The ambulance crew focused on caring for the victim — normal procedure in an emergency medical response — but inevitably disturbed a potential crime scene. 

“Our concern, I guess,” Gho explained in court, “was more on the patient.”    

 

 


Tomorrow:

 

Brian O’Donoghue is a UAF assistant professor of journalism. Former students Gary Moore and Gabe Scott contributed to this report.




ABOUT ‘DECADE OF DOUBT’

 

This seven-part series offers no proof of guilt or innocence. It does document gaps in the police investigation that raise questions about the victim’s last conscious hours. It points out that the group convicted of John Hartman’s murder may have been prosecuted with forms of evidence identified later in national studies as contributing to some wrongful prosecutions elsewhere. And it shows how rulings from this state’s courts have undermined Alaska Native confidence in the justice system by keeping juries from weighing all that’s known about the crime.

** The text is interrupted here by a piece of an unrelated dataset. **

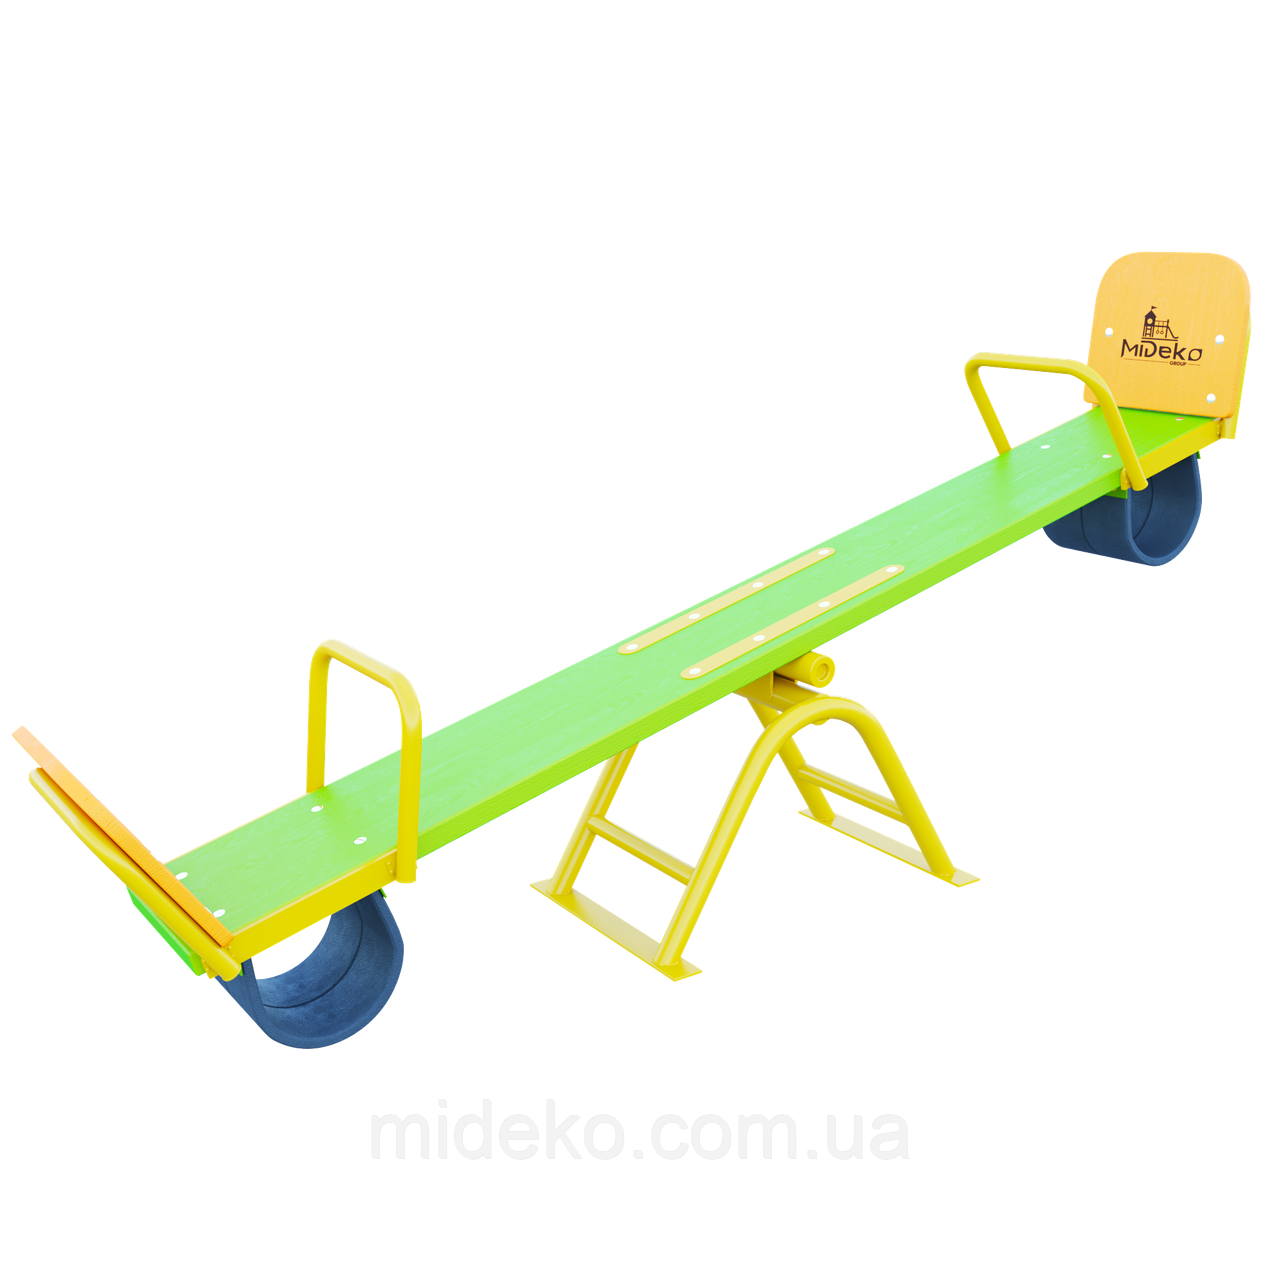 Гойдалка-балансир великий MIDEKO

Among the series’ observations:

  • The police investigation remained focused on suspects flagged through a pair of confessions, subsequently retracted, despite lab tests that yielded no supporting evidence. 
  • Jurors remained unaware that state crime lab experts couldn’t match Frese’s boots with photos of Hartman’s bruises. Though it bore the lab’s logo, the suggestive exhibit presented at trial was a non-scientific photo overlay assembled by police and the district attorney. Recent studies have shown that evidence lacking forensic merit often figures in convictions that are later overturned. 
  • Detectives referred to fictitious evidence throughout the interrogations that yielded confessions from Vent and Frese. Employing such trickery on suspects who profess no memory of a crime, while standard practice in 1997, today draws specific cautions in the nation’s standard-setting criminal interrogation manual. The revisions reflect lessons learned from re-examining tactics used obtaining confessions later proven false in cases that sent innocent people to jail.  
  • The state’s case strongly relied upon identifications made by an eyewitness standing 550 feet from a robbery. The distance raises the possibility of witness misidentification, which has emerged as the leading common denominator among hundreds of errant murder and rape convictions. 
  • Police paid scant attention to the last person known to have been with Hartman. Chris Stone, a 14-year-old self-described methamphetamine addict, had been hospitalized following a similar assault only weeks prior. And jurors never heard about Stone’s attention-getting entrance into Carrs-Foodland about the time Hartman lay dying in the street. Also, no one involved in the Hartman case had access to Stone’s sworn statement, sealed in an unrelated juvenile proceeding, suggesting, under one interpretation, awareness of his friend’s plight.

All of this has contributed, in the eyes of many, to a decade of doubt.